On October 5, 2009, he was named operator of the year by the Nation's Restaurant News during the publication's golden anniversary celebration at the 50th anniversary Multi-Unit Foodservice Operators (MUFSO) conference.

===Le Duff America===
In March 2011, Groupe Le Duff, a French restaurant group, acquired the Bruegger's chain and its subsidiaries from the private equity firm Sun Capital Partners, earning ownership a return of 36% per year, or 13 times, on its investment and making Groupe Le Duff the second largest bakery café group in the world. Greco was named CEO of the company's American restaurant holdings, under the name Le Duff America, headquartered in Burlington, Vermont; Dallas, Texas; and Toronto, Ontario, Canada. During his tenure, Le Duff America was the parent company of the restaurant chains Bruegger's, La Madeleine, Mimi's Cafe, Brioche Dorée, Timothy's World Coffee, Michel's Bakery Café, mmmuffins, as well as several others. The group, under him, ran over 600 restaurants and annually saw about $450 million in revenue. In December 2011, he announced he would be leaving the company at the end of the year to pursue other opportunities.

===Sbarro===
In January 2012, Greco joined Sbarro as CEO, president, and board member. Sbarro, then headquartered in Melville, Huntington, New York, was one of the world's leading Italian quick service restaurant chains and the largest "shopping mall-focused" restaurant concept in the world. Under him, Sbarro operated 1,100 restaurants in nearly 45 countries. Greco, credited with the strong performance and growth of Bruegger's, was recruited to Sbarro to lead its turnaround. Confident about Sbarro's prospects, he designed a short-term strategic plan calling for a focus on "people, place, product and positioning." Longer term, he implemented plans to shift Sbarro from its quick-service, food court based, status into the fast casual arena. He centered on making Sbarro the preeminent fast-casual Italian brand worldwide, an unclaimed position, and one he felt fit Sbarro well. He improved the quality and variety of products, ingredients and preparation. His changes also included an increased emphasis on employee hospitality and a shift from its shopping mall focus to a more store front oriented concept. He believed accomplishing these initiatives would position the firm into fast-casual preeminence. He left the company in late 2013.

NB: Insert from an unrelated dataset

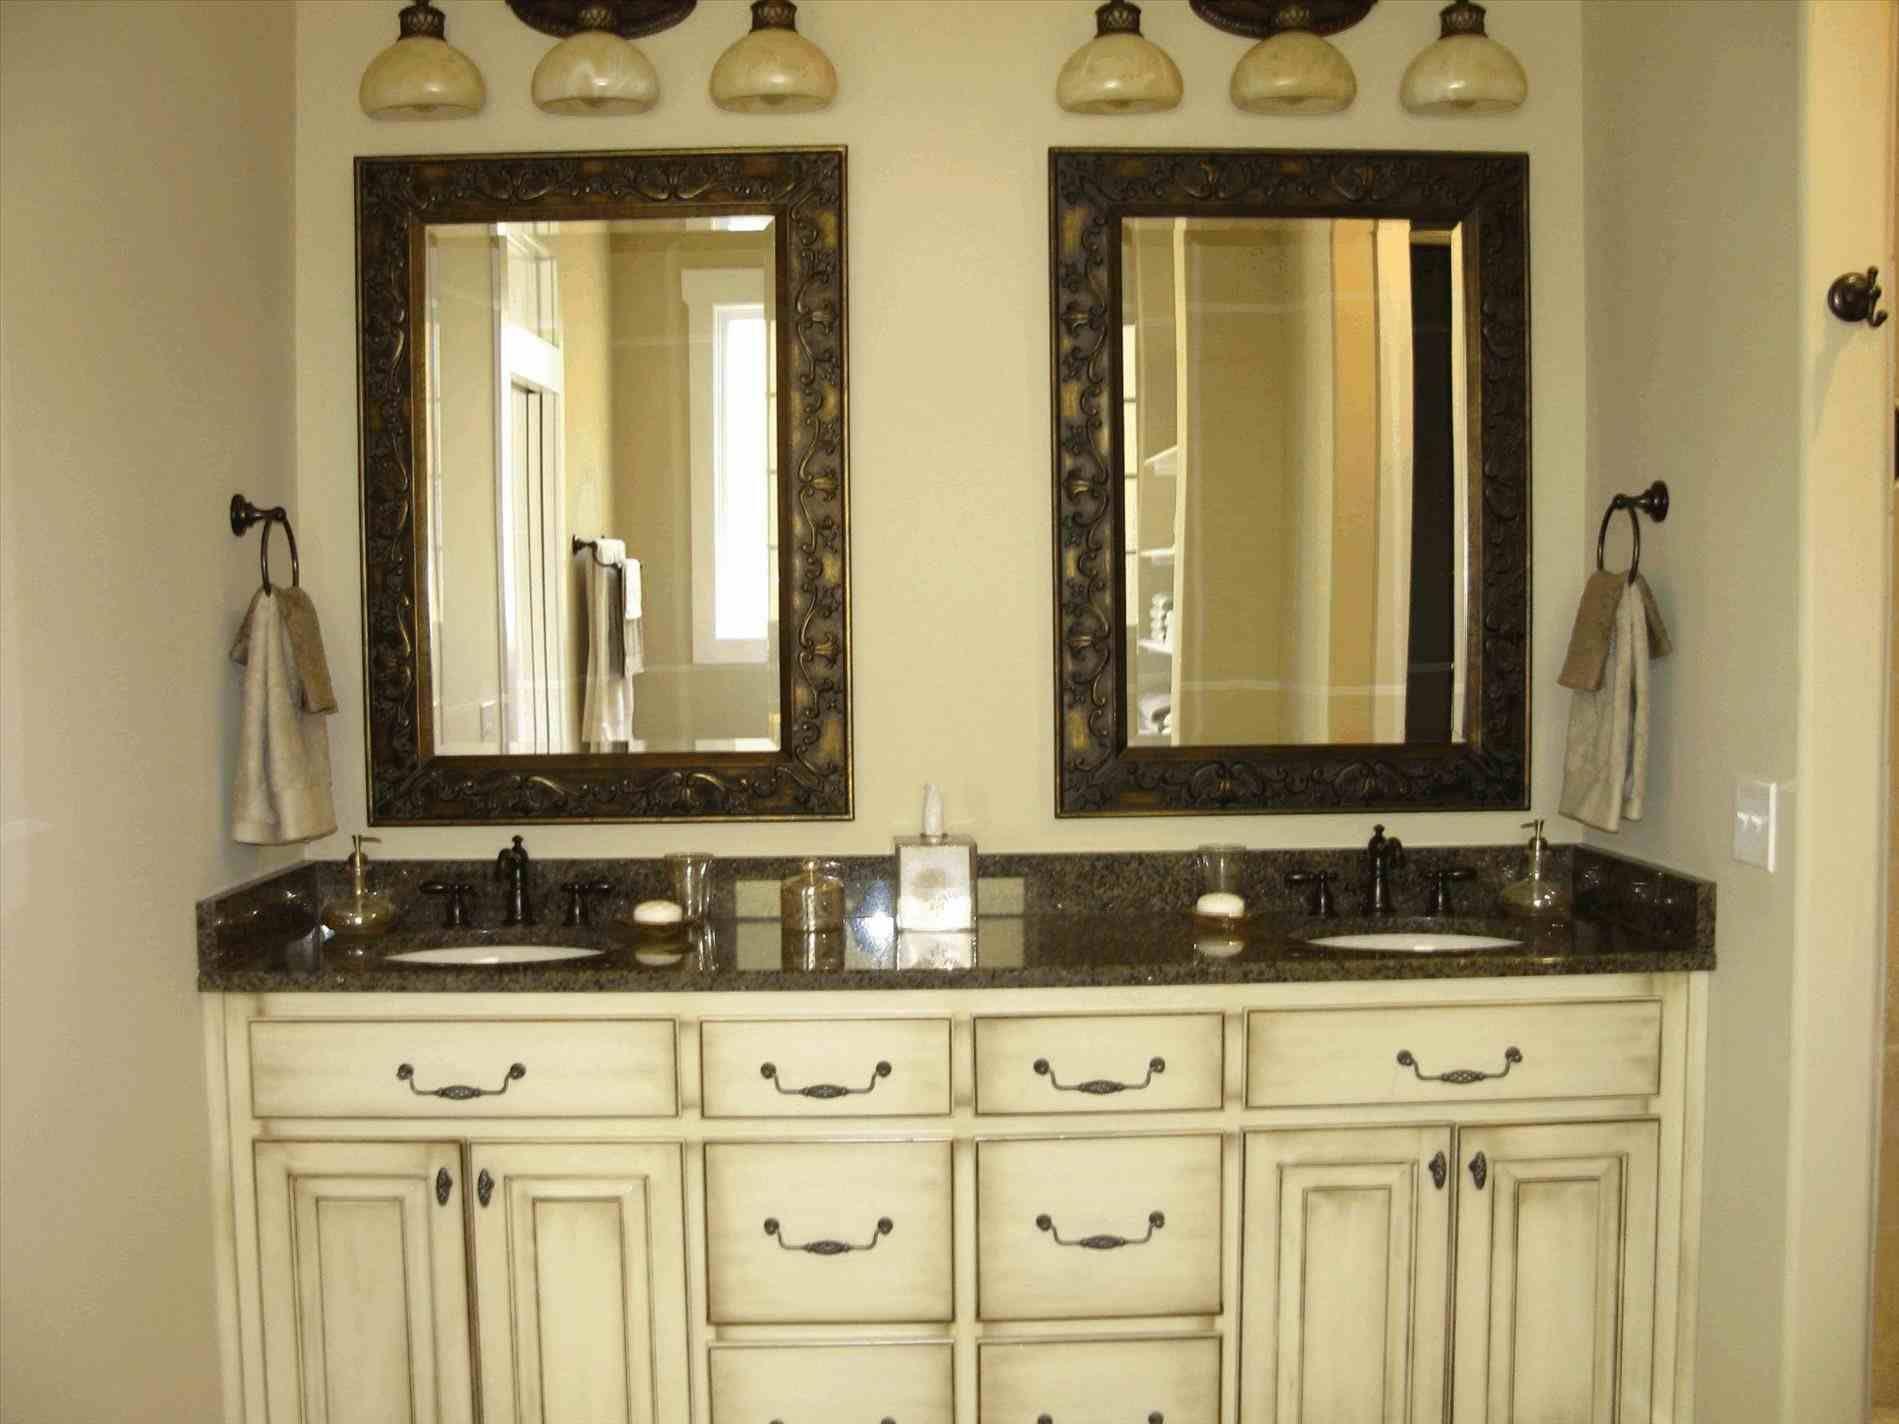 bathroom countertop organizer | Pinterest | Countertop, Bathroom ...

===Consulting and Board assignments===
Since leaving Sbarro, Greco has held a number of interim executive leadership positions and consulting assignments. These have included President of Newk's Eatery from 2014 to 2016, CEO of True Drinks, Inc. from 2017 to 2018, and Interim CEO of Palm Beach County Food Bank from 2020 to 2021. While at Newks, Greco developed an expansion plan that grew the chain 70% ranking it as the 5th fastest growing chain and resulting in its inclusion in the Nation's Restaurant News' Top 200 for the first time. While at the Palm Beach County Food Bank, he led the charity during the COVID-19 pandemic through the largest increase in demand in its history with distribution increasing three-fold to 2 million pounds of food per month.